Поднимаясь в гору с тяжелой ношей, она совсем запыхалась, часто останавливалась передохнуть и всякий раз оглядывалась на оставшийся позади, за елями, опустевший домик. Наконец, почти уже с вершины холма, она увидела вдали трех огромных ос: медленно, тяжело они поодиночке летели на запад, и это зрелище сразу заставило ее прибавить шагу.
Скоро она вышла на открытое место, дальше тропинка шла по насыпи (здесь миссис Скилетт почувствовала себя почти в безопасности), а там показалась и долина, ведущая к холмам Хиклибрау. У подножия холма, укрывшись в тени большого дерева, миссис Скилетт посидела немного, переводя дух.
И опять решительно зашагала своей дорогой…
Видели бы вы ее — маленькую, черную, точно вставший на задние лапки муравей, с белым узлом в руке, — как она торопливо семенила по белеющей под жарким полуденным солнцем тропинке, пересекавшей отлогие склоны холмов! Казалось, это решительный, неутомимый нос ведет ее все вперед и вперед; маки, украшавшие чепец, непрестанно дрожали и раскачивались, башмаки на резинках все гуще покрывала белая дорожная пыль. В знойной тишине только и слышались ее шаги — шлеп да шлеп, зажатый под мышкой зонтик упрямо соскальзывал вниз и чуть не падал. Сморщенные, увядшие губы под огромным нависшим носом были поджаты с выражением непреклонной решимости, и старуха все снова вздергивала зонтик повыше — да не падай ты, прах тебя побери! — или мстительно встряхивала накрепко стиснутый в руке узел. И порою бормотала что-то себе под нос в предвкушении какого-то спора со Скилеттом.
А впереди, в дымке голубого неба, постепенно вырисовывалась колокольня, и все яснее виднелся Чизинг Айбрайт — тихий уголок, такой далекий от суеты нашего буйного мира; там никто и не помышлял о Гераклеофорбии, что неотвратимо приближалась к этой обители тишины и спокойствия, притаившись в белом узле.

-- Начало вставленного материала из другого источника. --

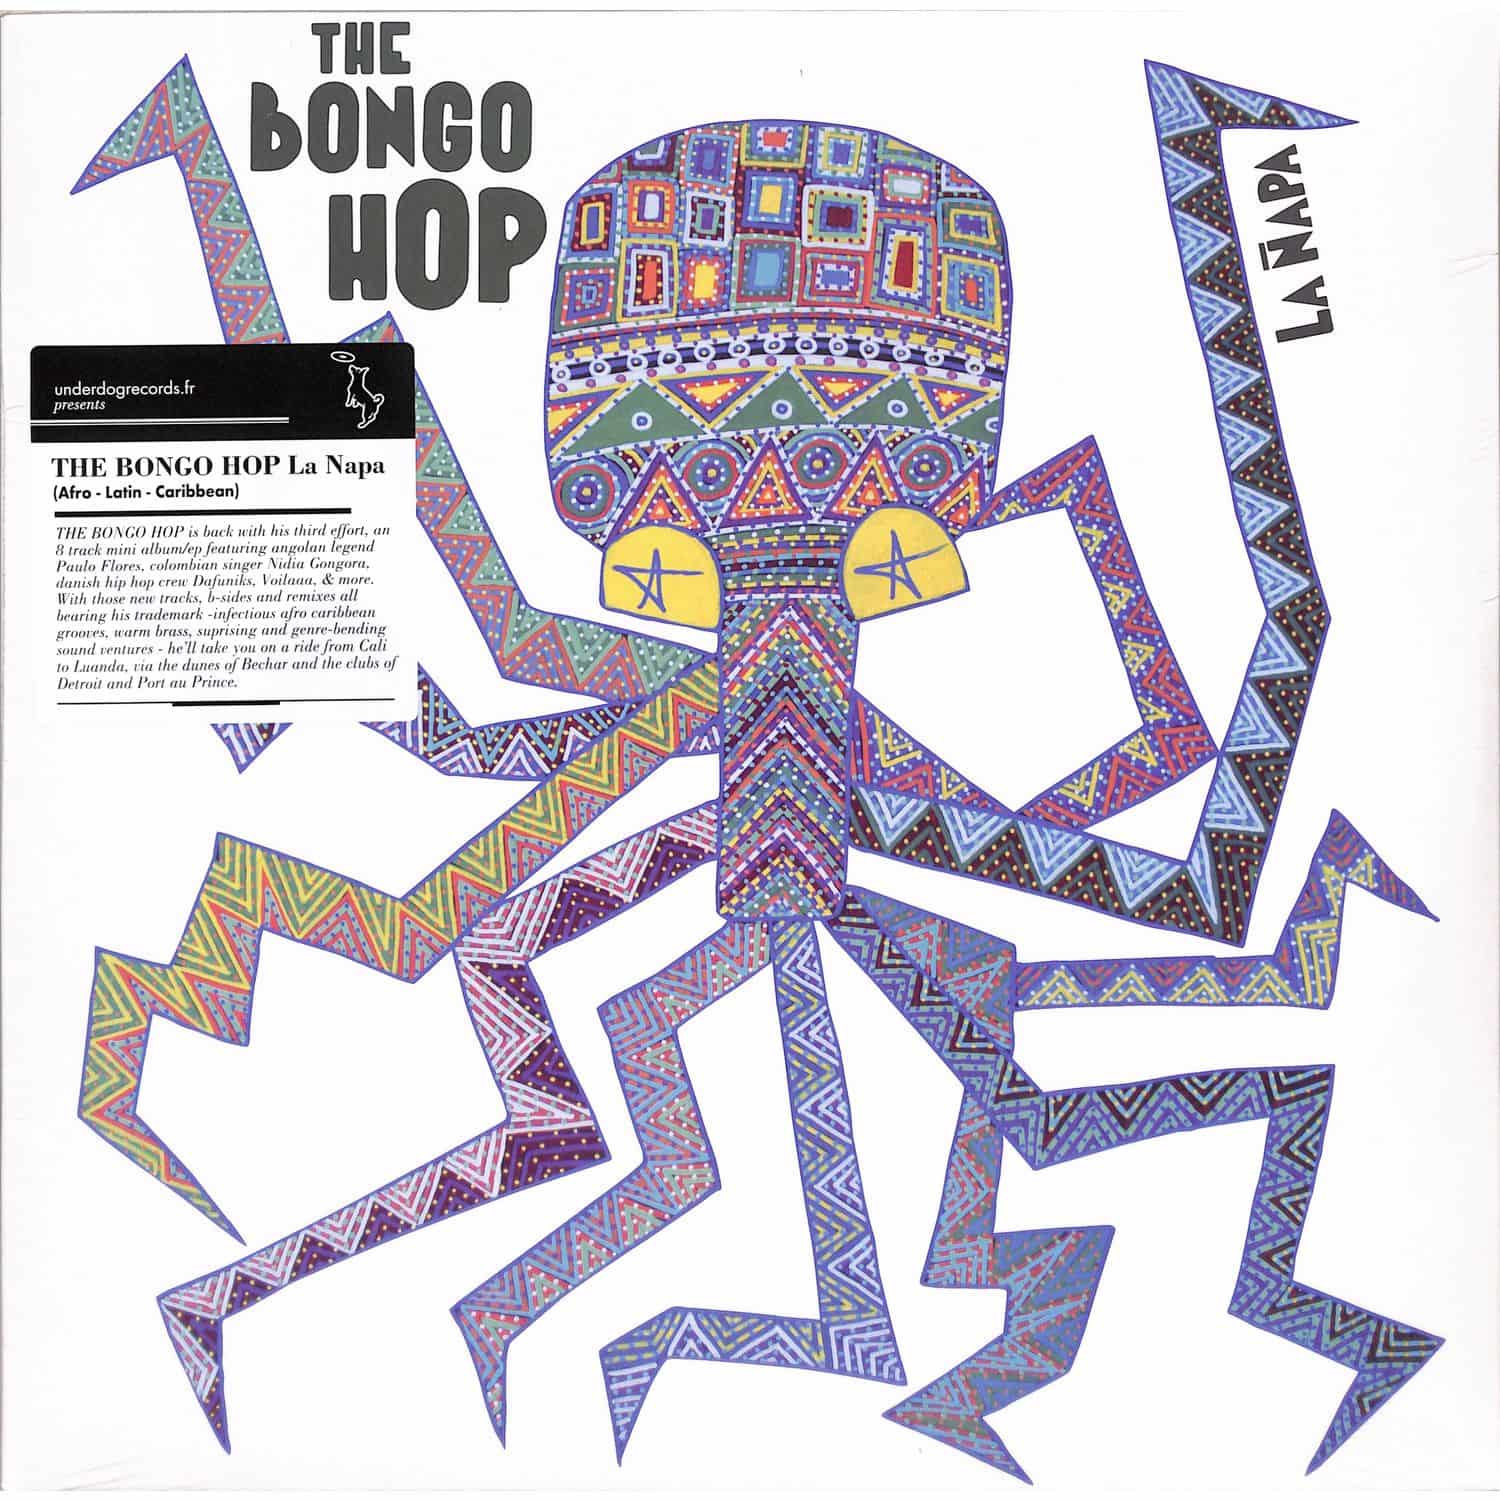 The Bongo Hop - LA NAPA

VIIНасколько я понимаю, куры-великанши нагрянули в Хиклибрау около трех часов пополудни. Должно быть, они ни минуты не теряли даром, хотя очевидцев не оказалось: на улице в ту пору никого не было. О том, что стряслось неладное, первым возвестил отчаянный вопль маленького Скелмерсдейла. Мисс Дар ген, почтмейстерша, по обыкновению от нечего делать глядевшая в окно, вдруг увидела огромную курицу, — та неслась по улице с несчастным ребенком в клюве, а за нею по пятам — еще две такие же громадины. Вы и сами, конечно, знаете, с какой невероятной быстротой враскачку бегут к кормушке выпущенные из курятника крепкие, сильные куры недавно выведенных пород. И знаете, что от голодной курицы никак не отвяжешься, она настойчиво требует своего. Как мне говорили, среди предков Бенсингтоновых цыплят были плимутроки, а они и без Гераклеофорбии долговязы и бегуны первоклассные.